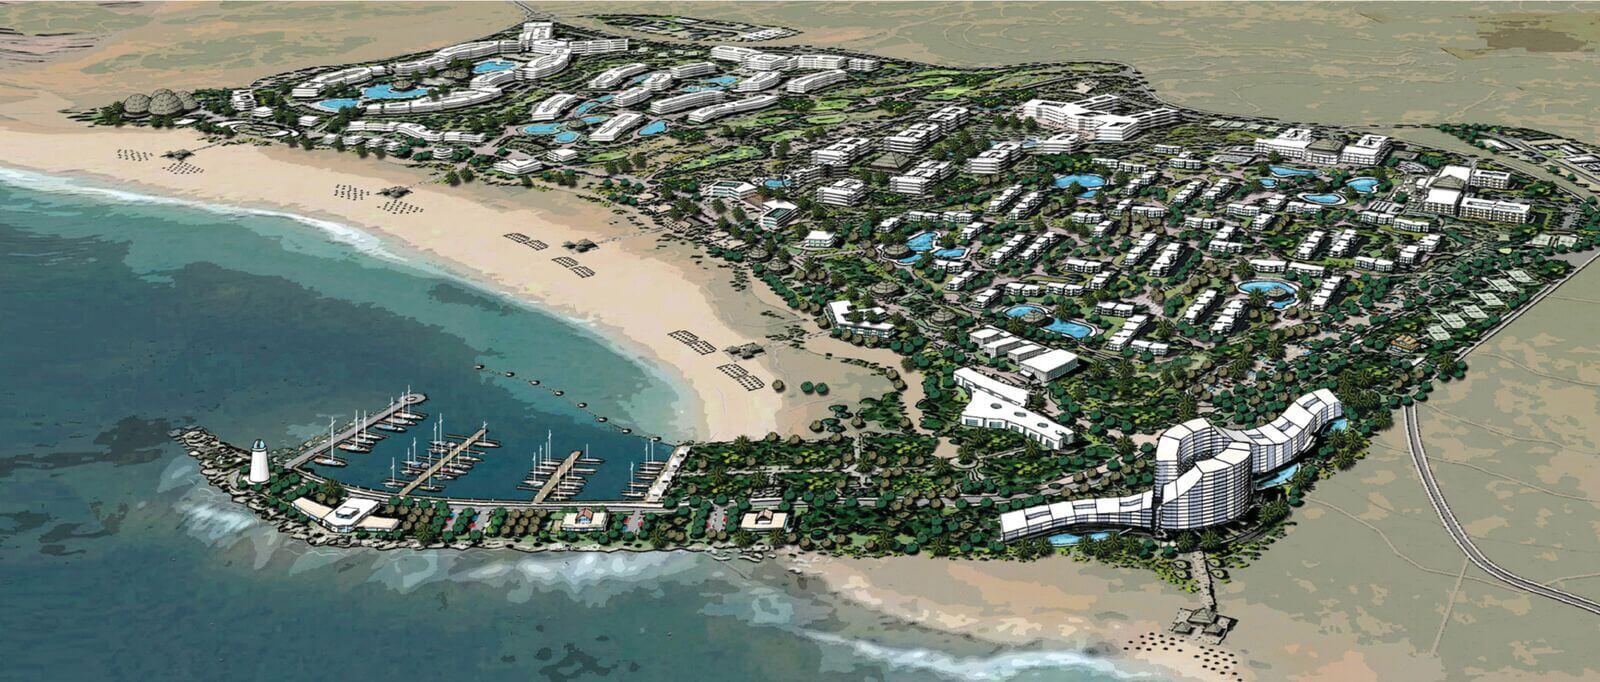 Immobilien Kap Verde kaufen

* * *

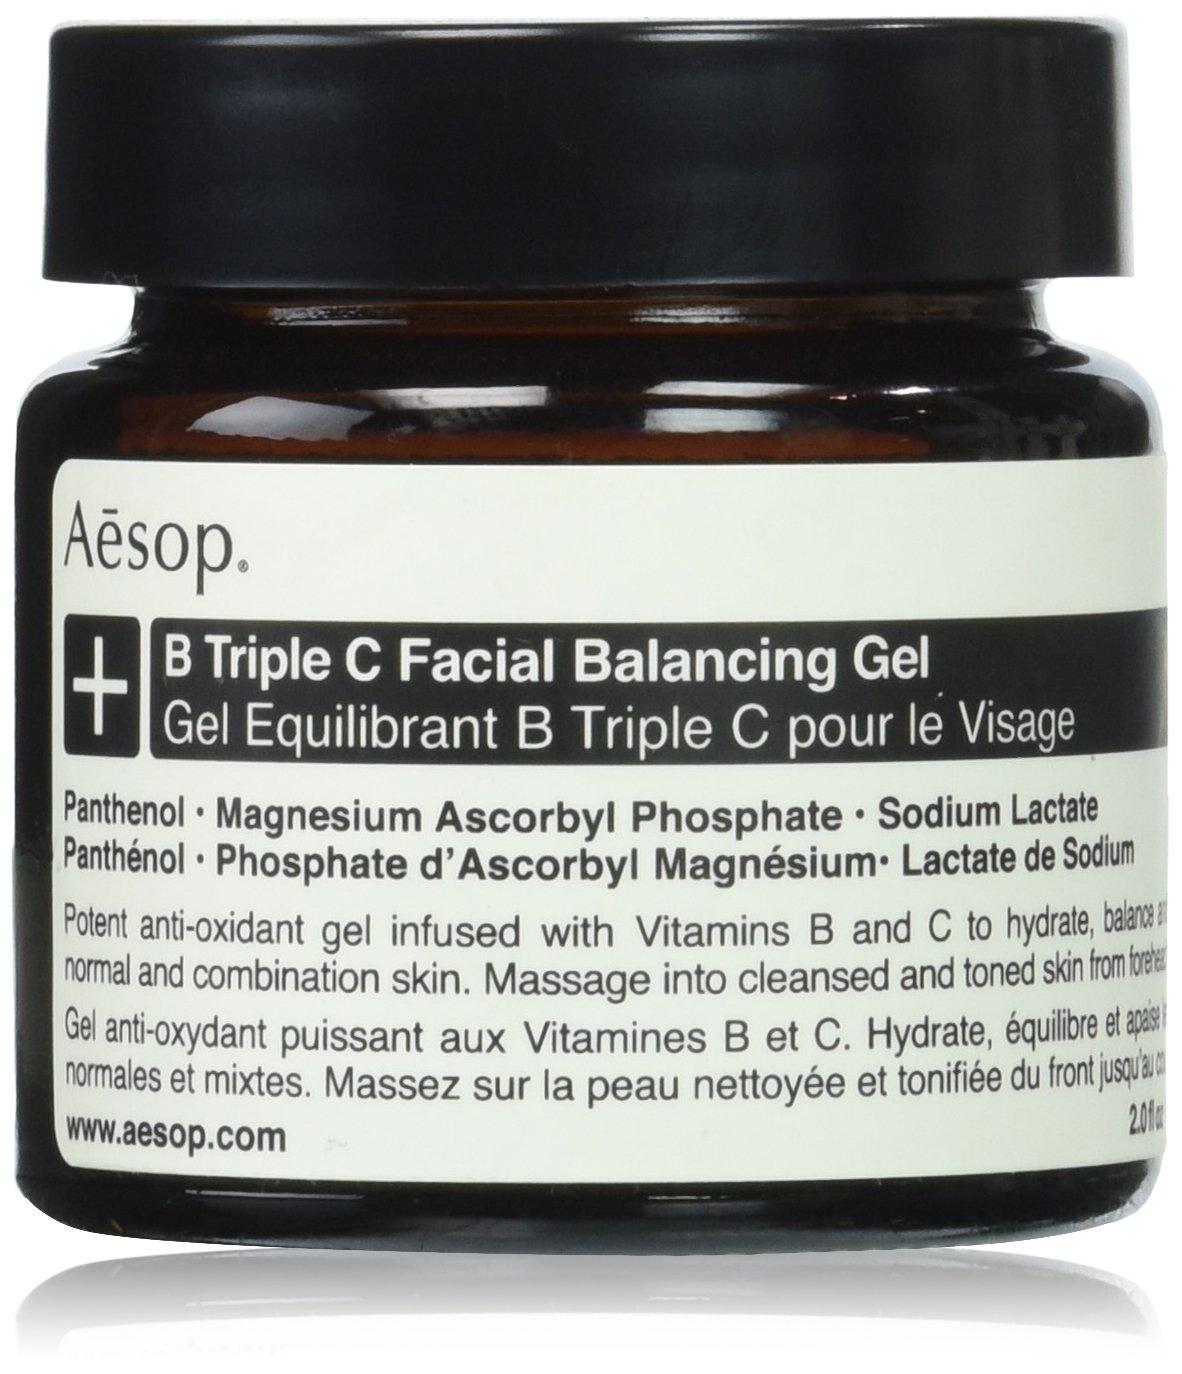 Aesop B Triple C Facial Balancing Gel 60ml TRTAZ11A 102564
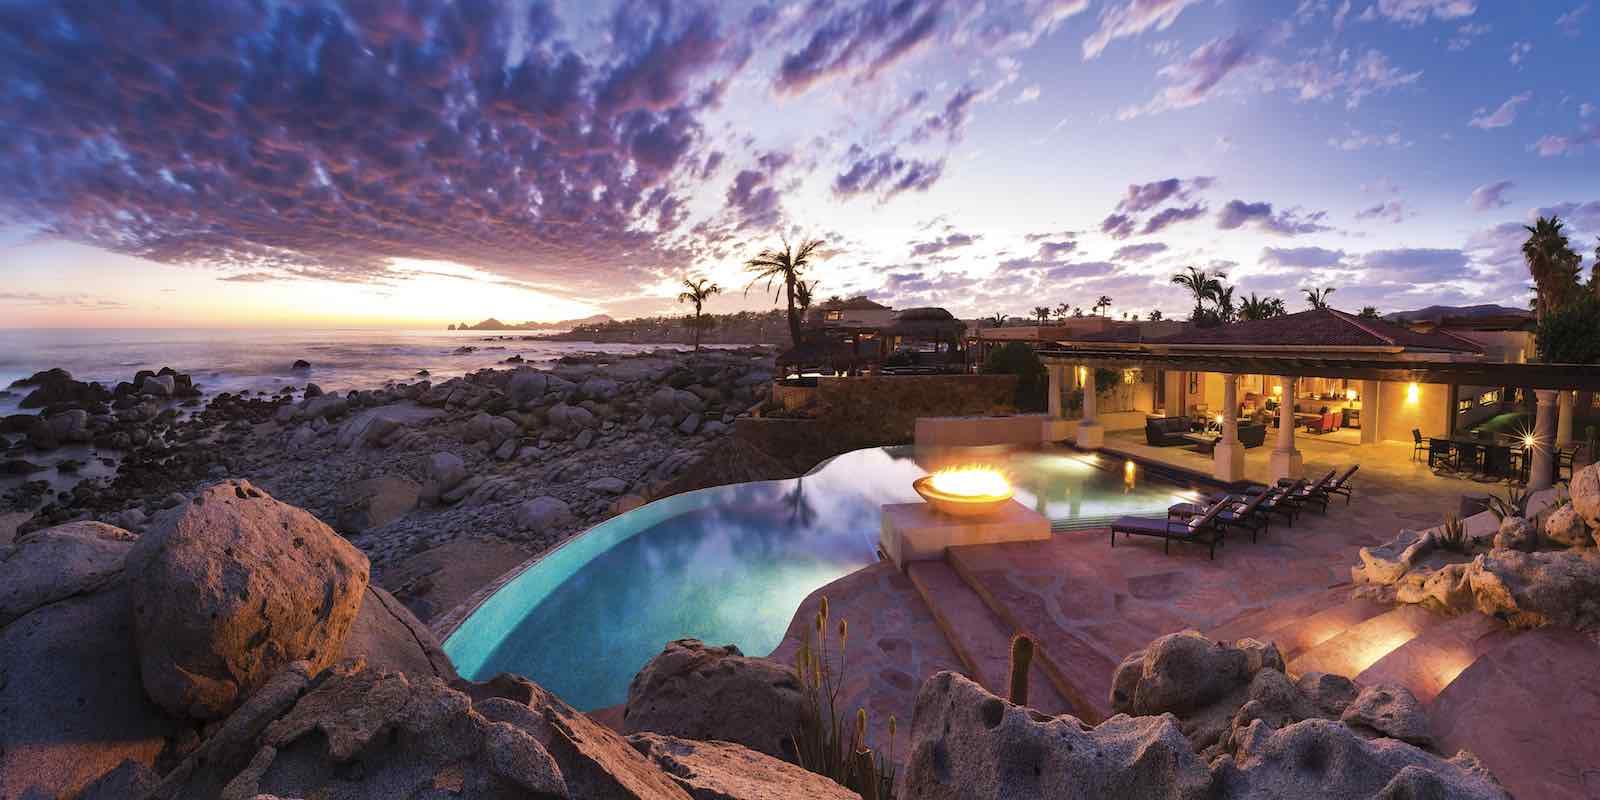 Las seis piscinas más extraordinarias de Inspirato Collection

Exercise directions:
For this task, return exactly the stretch of the listing above from the line with "Aesop B Triple" through the line with "Las seis piscinas", inclusive and without pictures.

Response to the exercise:
 Aesop B Triple C Facial Balancing Gel 60ml TRTAZ11A 102564
 Las seis piscinas más extraordinarias de Inspirato Collection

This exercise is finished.